Used microbench.exe + perfstats to collect:
- Dynamic instruction count (IC)
- Cycles, CPI, ET, and effective MHz
Systematically varied:
- Repetitions (-r) to scale instruction count
- Array sizes (--size) over multiple orders of magnitude
- Clock frequency (-M) to test CT vs ET relationships
Computed speedups by hand (using CSV exports) and compared them with predictions from
the performance equation and Amdahl’s Law.

Representative kernel

for (unsigned j = 0; j < 3; ++j) {
    for (unsigned i = 1; i < size; ++i) {
        array[i] += i / (1 + j) + array[i - 1];
    }
}

This simple loop was used with different data types and optimization levels to see how IC and CPI change even when the algorithm stays the same.

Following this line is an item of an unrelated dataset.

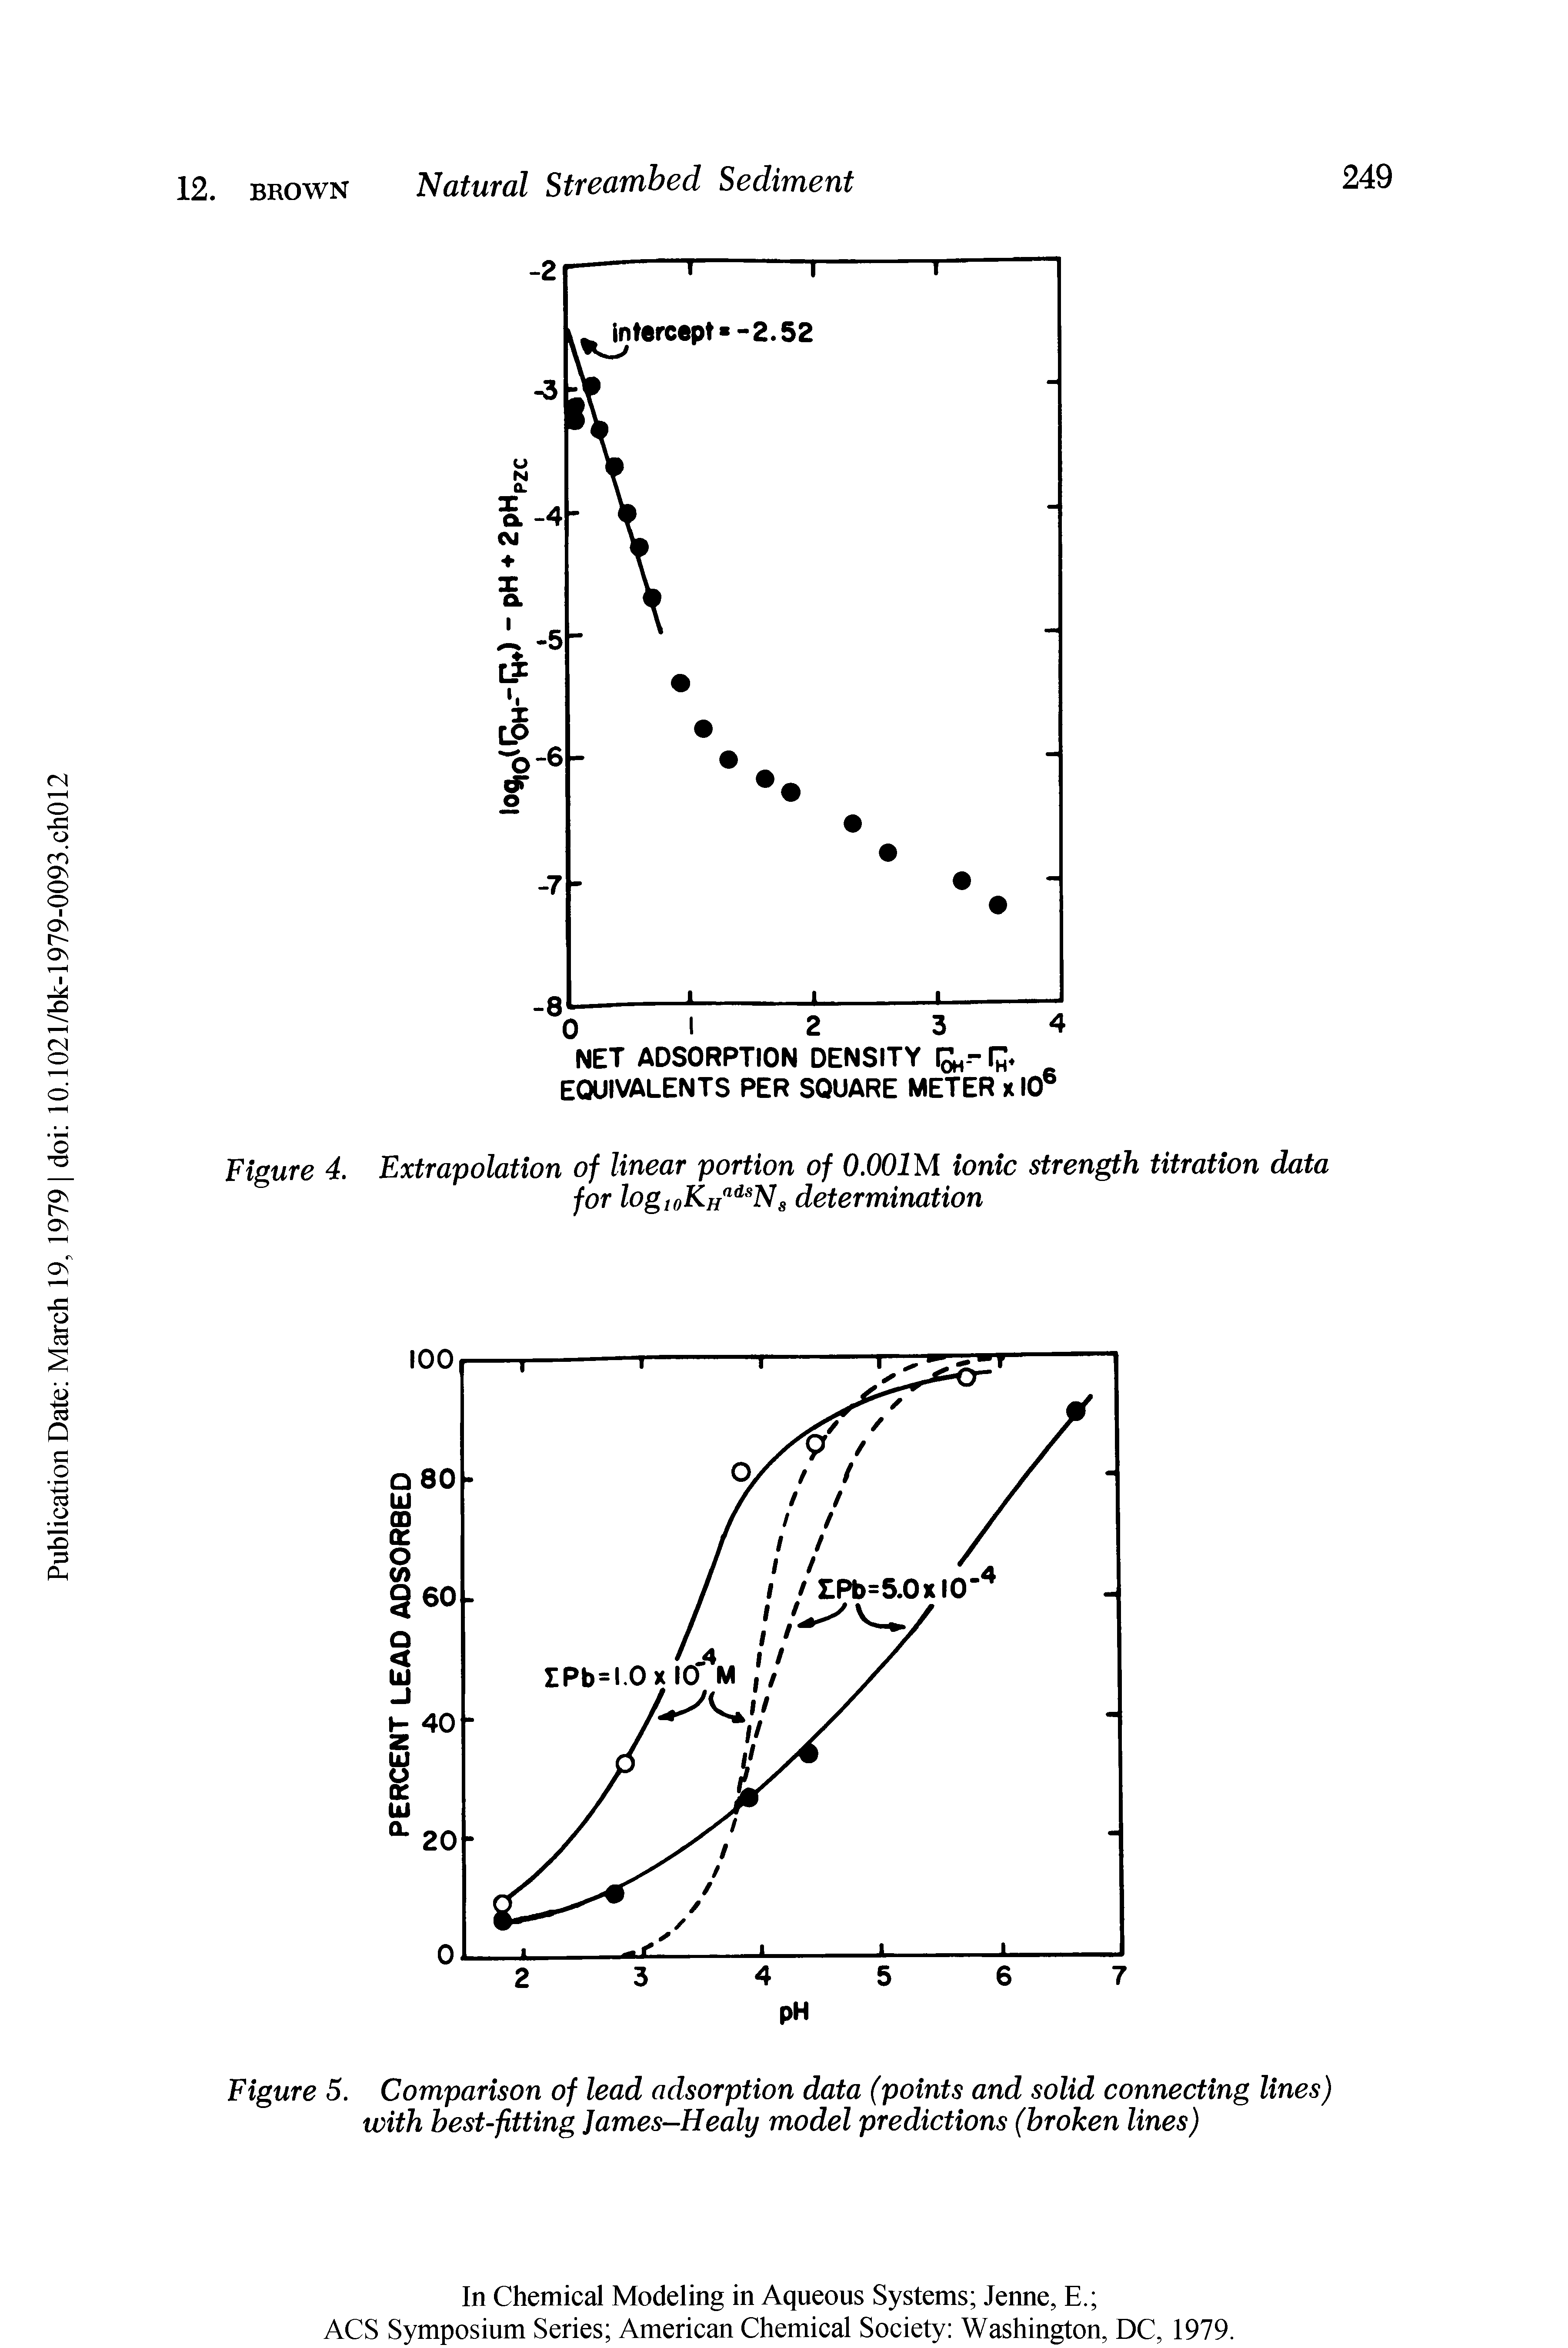 Figure 5. Comparison of lead adsorption data (points and solid connecting lines) with best-fitting James-Healy model predictions (broken lines)...

Project 2 – Branch Prediction, Cache Behavior & Threshold Counting

Goal: Explore how data layout and sorting affect branch prediction and cache behavior.

What I did

Implemented a threshold-counting kernel:

long long calculate_sum(int* data, unsigned size, int threshold) {
    long long sum = 0;
    for (unsigned i = 0; i < size; ++i) {
        if (data[i] >= threshold) {
            sum++;
        }
    }
    return sum;
}

In array_sort.cpp:
- Generated large random integer arrays.
- Optionally sorted the array with std::sort depending on a command-line flag.
- Called calculate_sum repeatedly and instrumented the run with perfstats.

Measurements & analysis

Collected:
- IC, cycles, CPI, ET
- L1 data-cache accesses and misses
- Branches and branch misses
Compared:
- Unsorted data (unpredictable branches, “random” thresholds)
- Sorted data (more predictable branch behavior and potential prefetch benefits)
Analyzed how:
- Sorting improves branch prediction and sometimes cache locality—but adds its own cost.
- The “best” configuration depends on array size, number of iterations, and tolerance for preprocessing time vs. query time.

Project 3 – Memory Hierarchy: TLBs & Pointer-Chasing Miss Machines

Goal: Stress and characterize TLB behavior and memory-level parallelism using synthetic pointer-chasing workloads.

TLB microbenchmarks

Built a templated memory layout:

template <size_t BYTES>
struct Node {
    Node* next;
    uint64_t payload[BYTES / 8 - 1];  // force full cache line / page footprint
};

Allocated large aligned arrays of these nodes using posix_memalign and disabled huge pages with madvise(..., MADV_NOHUGEPAGE).
Randomized the next pointers to create a single large cycle of nodes, then walked it:

template <class Node>
Node* traverse(Node* start, uint64_t count) {
    for (uint64_t i = 0; i < count; ++i) {
        start = start->next;
    }
    return start; // return to keep the compiler from optimizing away the loop
}

MissMachine & memory-level parallelism

Used MissMachine to create multiple independent pointer-chasing “machines”:

// Pseudocode: follow N independent pointer chains per iteration
for (unsigned i = 0; i < iterations; ++i) {
    a = a->next;
    b = b->next;
    c = c->next;
    // ...
}

Parameterized:
- Number of independent chains (1, 2, …, 13)
- Total number of pointer traversals
- Stride and alignment of underlying memory
Measured how increasing the number of independent chains increases memory-level parallelism (MLP) and reduces ET despite similar IC.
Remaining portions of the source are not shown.